Fig. 6: Characterization of rs2790444.
figure6

a Motif analysis predicted that the WAC high-expressing allele rs2790444-T creates a new binding site for POU2F1. Arrow indicates the altered recognition base. b Electromobility shift assay showing selective binding of POU2F1 to rs2790444-T probe. Arrow indicates supershift with an antibody towards POU2F1. c siRNA-knockdown of POU2F1 attenuated luciferase activity for rs2790444-T relative to rs2790444-C in L363 cells. The y-axis indicates the log2 ratio of the luciferase/renilla signal for rs2790444-T relative to the rs2790444-C construct. The bottom, middle, and top of each box plot represent the 25th, 50th, and 75th percentiles. The whiskers represent the non-outlier minimum and maximum values, located at 1.5 times the interquartile range from the bottom and top of the box, respectively. d Western blot confirming knockdown. e Quantitative PCR showing expression of WAC relative to control in MOLP8 cells upon dual-sgRNA CRISPR/Cas9 deletion of a 139-bp region harboring rs2790444, heterozygous for rs2790444. Blue bars indicate the averages of the individual measurements. f Agarose gel confirming deletion of the targeted region. LP labeled probe, NE L363 nuclear extract, ULP unlabeled probe, α-POU2F1 antibody against POU2F1. The P values is for the two-sided Student’s t-test.

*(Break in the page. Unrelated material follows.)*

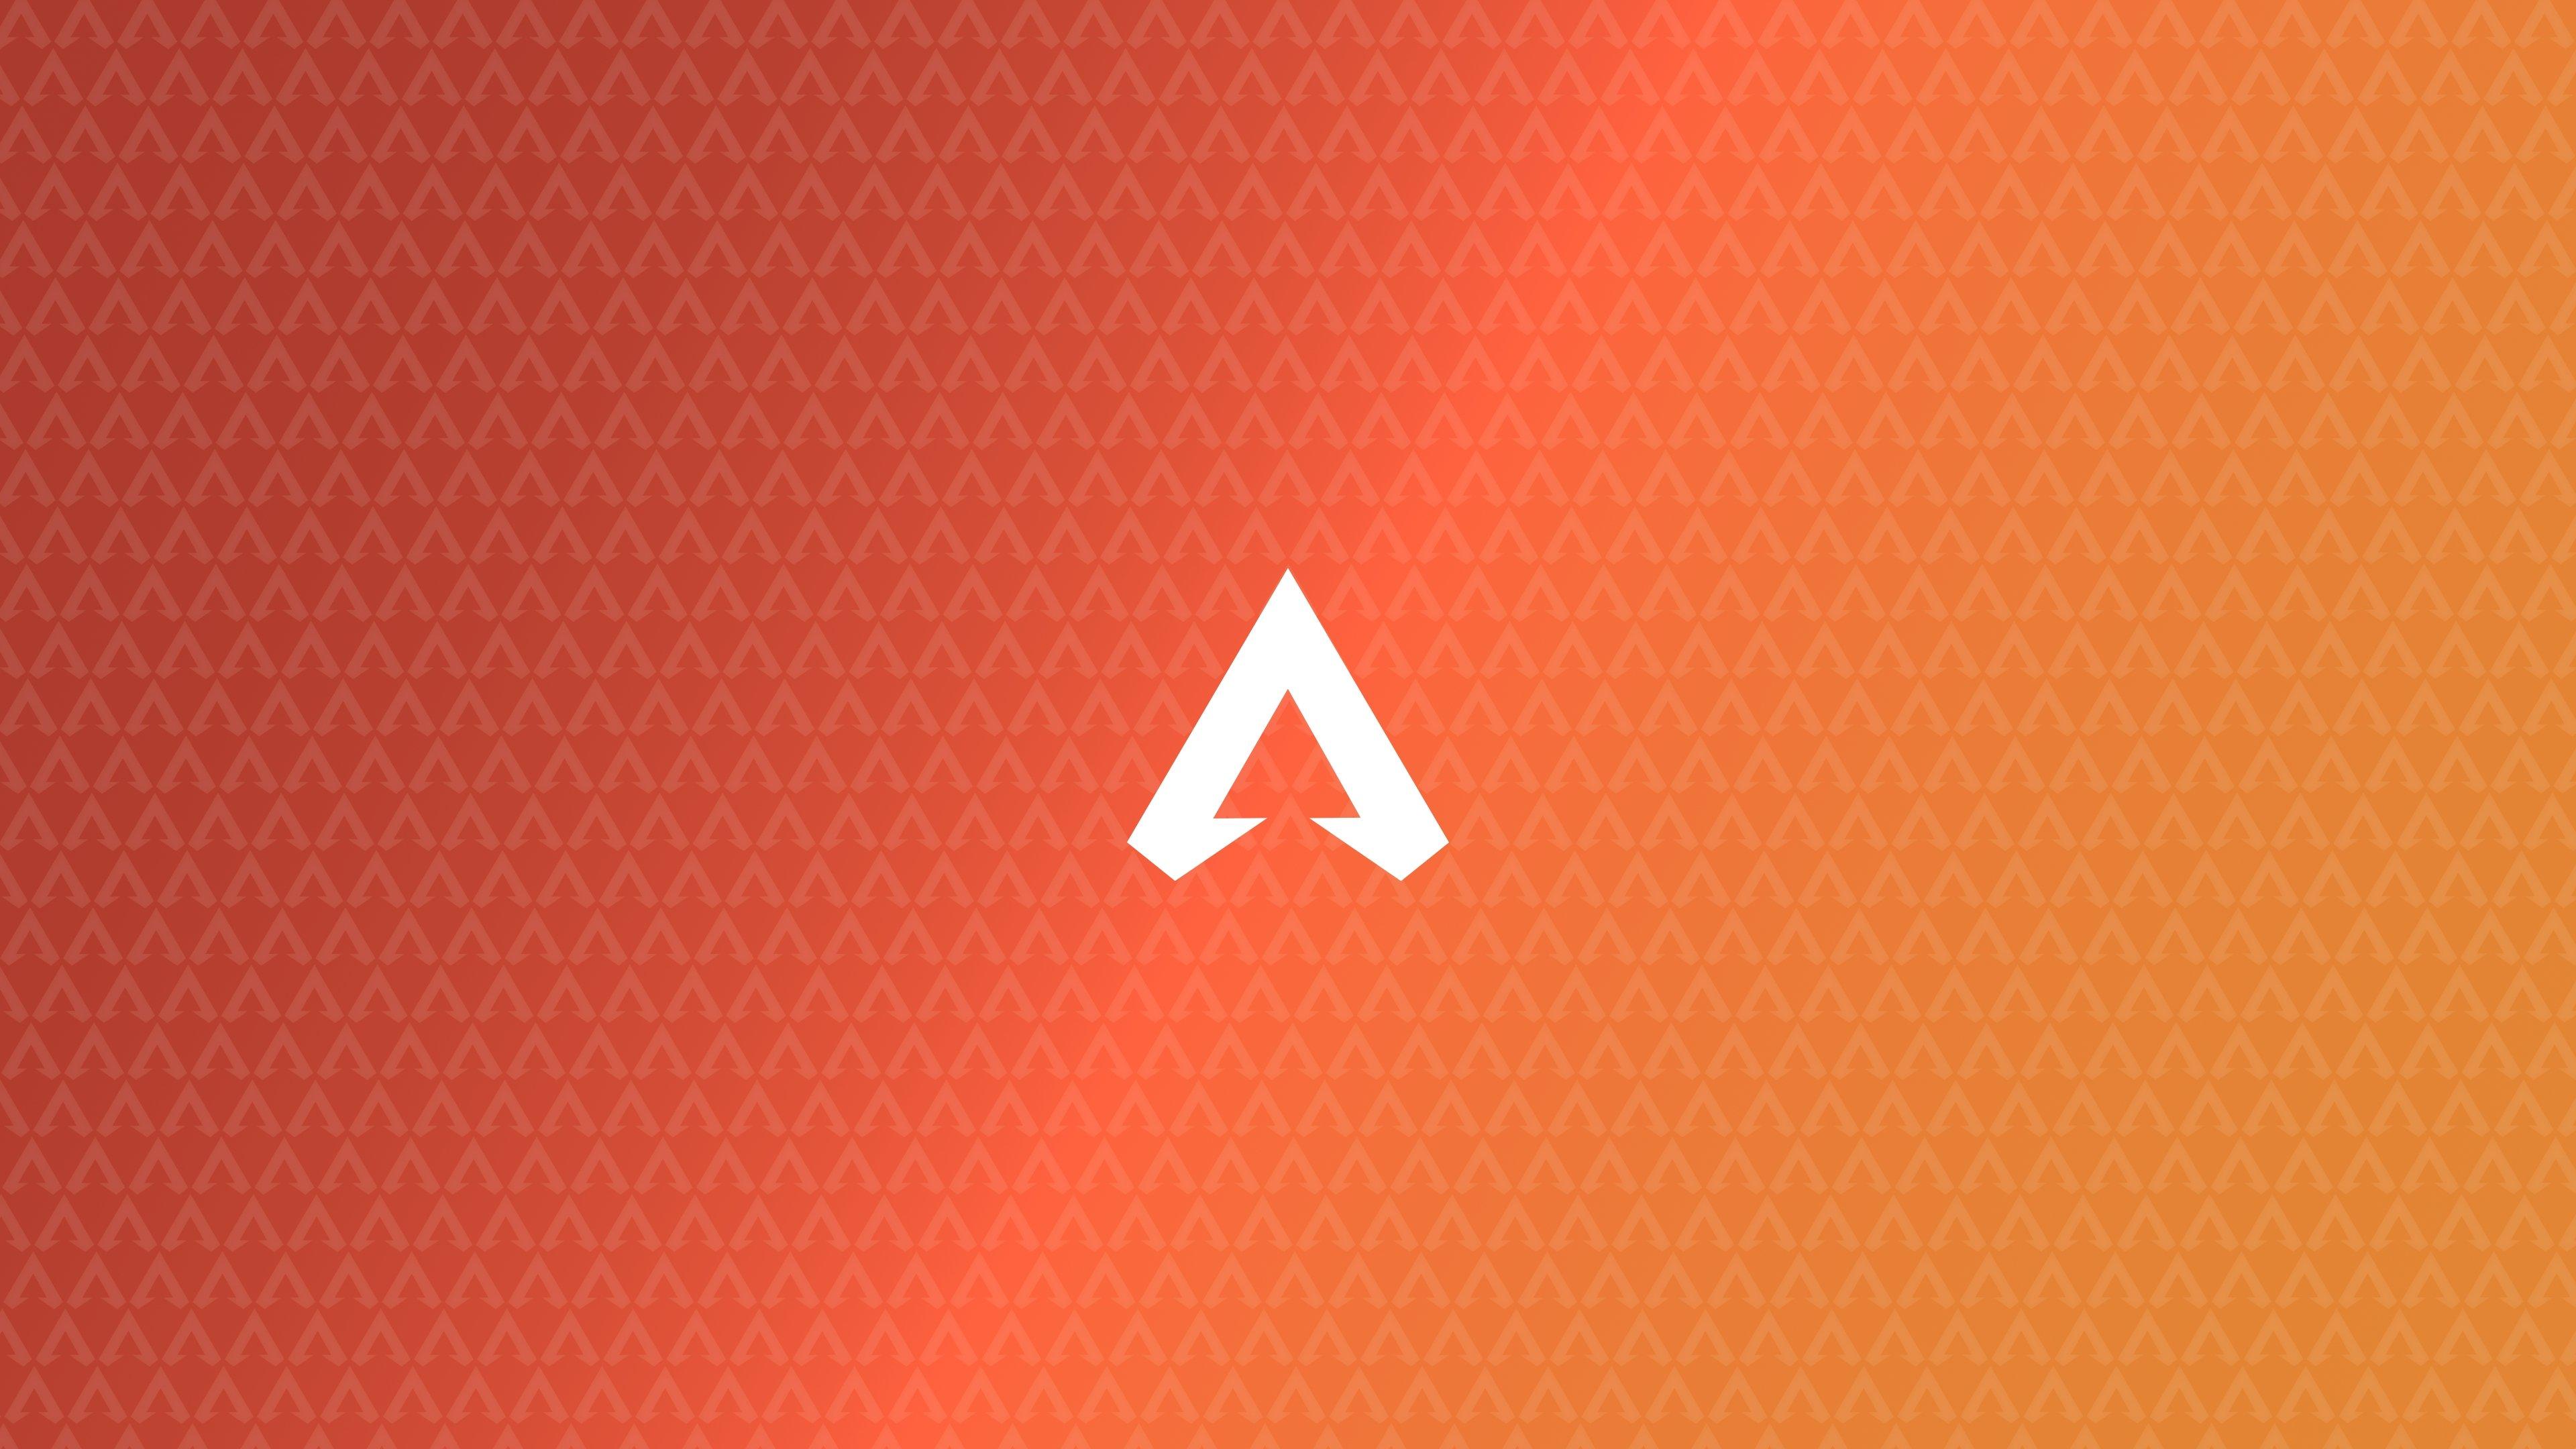 Fondos de pantalla Apex Legends logo

rs3777182, rs3777183, and rs3777189 map to ELL2 encoding a key protein in the super-elongation complex that drives Ig synthesis42,43,44,45 (Fig. 4c). The MM risk allele downregulates ELL2 in plasma cells and Ig levels in blood8,12. Recently, we nominated rs3777189 as causal using non-systematic approaches and demonstrated that it changes a MAFF/G/K binding site12. In our MPRA screen, we now identify rs3777189 as the most active variant within its LD block, providing additional, unbiased evidence for causality. In addition, we identify rs3777182 and rs3777183 as previously unappreciated regulatory variants within the ELL2 LD block. Analyzing our PCHi-C data, we identified a chromatin looping interaction between the rs3777183-rs3777182 region and the ELL2 promoter (Fig. 4cand Supplementary Fig. 8c), and predicted several altered motifs (Supplementary Data 2). CRISPR/Cas9 deletion of a 141-bp region harboring rs3777183-rs3777182 and an 89-bp region harboring rs3777189 both altered ELL2 expression, supporting that the ELL2 eQTL is caused by genetic variation in multiple intronic regulatory elements that are involved in the transcriptional regulation of ELL2 (Fig. 7a, b and Supplementary Fig. 10a, b).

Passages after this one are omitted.